3-Hydroxypropionic Acid Synthesis using a Steady State Metabolic Pathway with Diffusion Transport of 3-Hydroxypropionic Acid: 3HP1BAC Design
[0098] The synthesis of 3-Hydroxypropionic acid from glucose in a steady state metabolic pathway in Escherichia coli is performed. In one embodiment, a steady state metabolic pathway in Escherichia coli for the synthesis of 3-Hydroxypropionic acid from glucose is identified. A constraint based model of Escherichia coli metabolism is used to determine a steady state metabolic pathway for the synthesis of 3-Hydroxypropionic acid from glucose in Escherichia coli using Escherichia coli model iAF1260 (Feist A M, et al, Mol Syst Biol. 2007; 3:121.Feist). 3-Hydroxypropionic acid is not naturally produced in Escherichia coli and thus the following reactions identified using the KEG database are added to the Escherichia coli model: glycerol dehydratase from Klebsiella pneumonia (DHAB containing the subunits (DHAB1(SEQ ID NO 43), DHAB2(SEQ ID NO 44), DHAB3(SEQ ID NO 46))), glycerol dehydratase reactivating factors from Klebsiella pneumonia (ORFX(SEQ ID NO 45), DHABX(SEQ ID NO 42)), NAD-dependent glycerol-3-phosphate dehydrogenase from Saccharomyces cerevisiae (GPP2(SEQ ID NO 53)), DL-glycerol-3-phosphatase from Saccharomyces cerevisiae (DAR1(SEQ ID NO 54)), CoA-dependent propionaldehyde dehydrogenase from Salmonella enterica (PDUP(SEQ ID NO 72)), Phosphotransacylase from Salmonella enterica (PDUL(SEQ ID NO 73)), and propionate kinase from Salmonella enterica (PDUW(SEQ ID NO 74)). The pyruvate kinase II (PYKA(SEQ ID NO 76)) in the iAF1260 model is made reversible. In addition, a transport reaction is added to the iAF1260 model. For this example, it is assumed that 3-Hydroxypropionic acid is transported out of the Escherichia coli cell via diffusion, and the diffusion reaction (3HP1t) is added to the iAF1260 model. FBA is used to identify a steady state metabolic pathway by maximizing for 3-Hydroxypropionic acid, using glucose as a desired substrate.
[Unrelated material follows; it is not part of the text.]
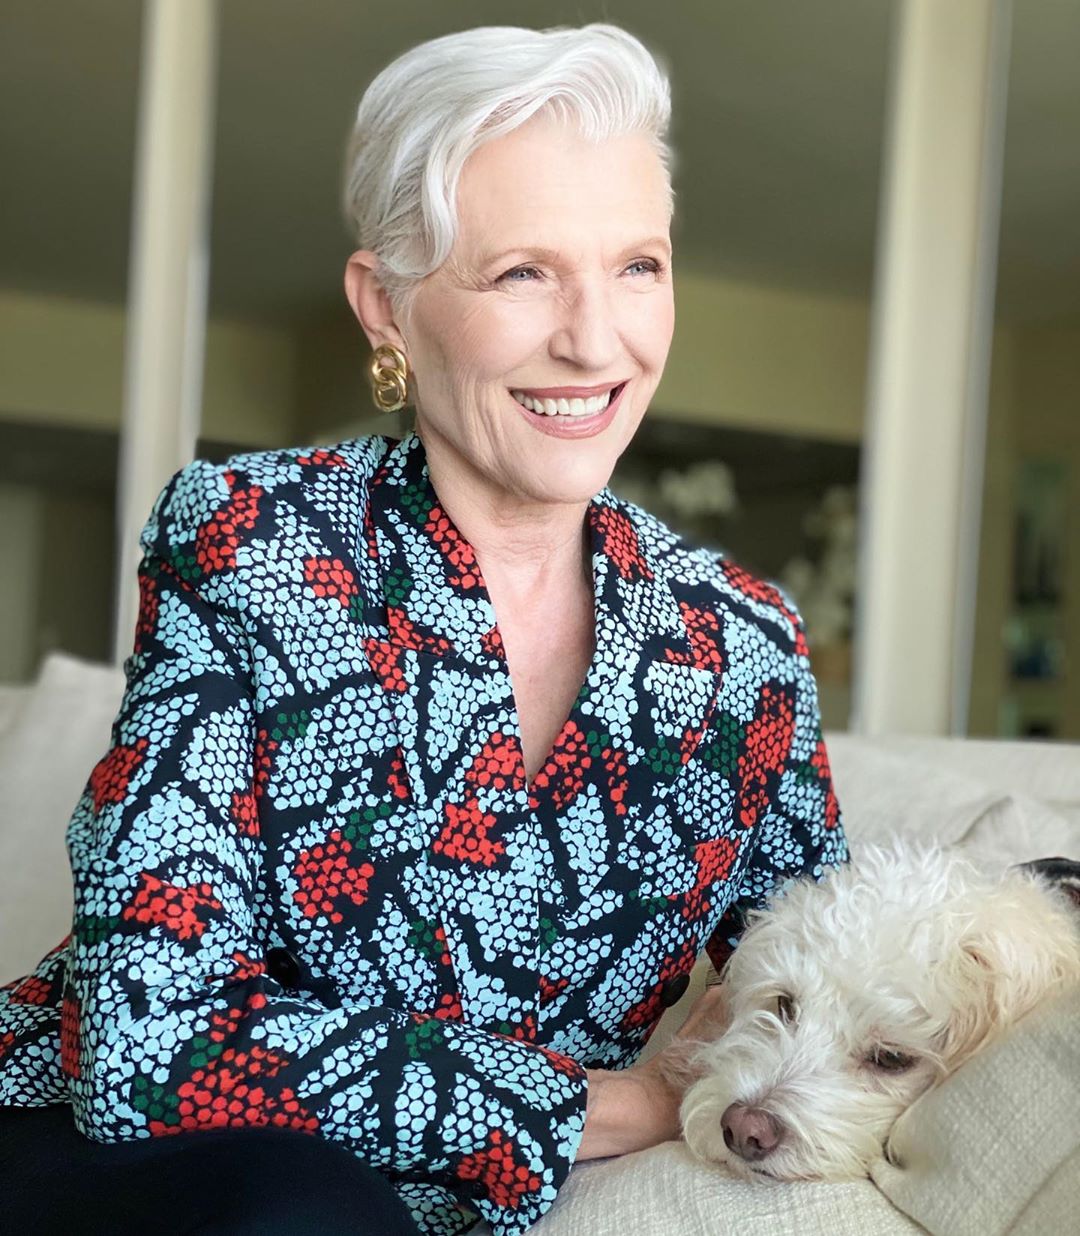 Cụ bà 72 tuổi chia sẻ 3 bước skincare quan trọng nhất cuộc đời: 'Mới 15 tuổi, tôi đã biết chống nắng từ đầu tới chân' - Ảnh 3

The glucose exchange reaction is set in FBA to allow the uptake of 1 mole of glucose/hour (M/h). The exchange reactions for 3-Hydroxypropionic acid, oxygen, water, and carbon dioxide, are set in FBA to allow the uptake and secretion of these metabolites to be unbounded.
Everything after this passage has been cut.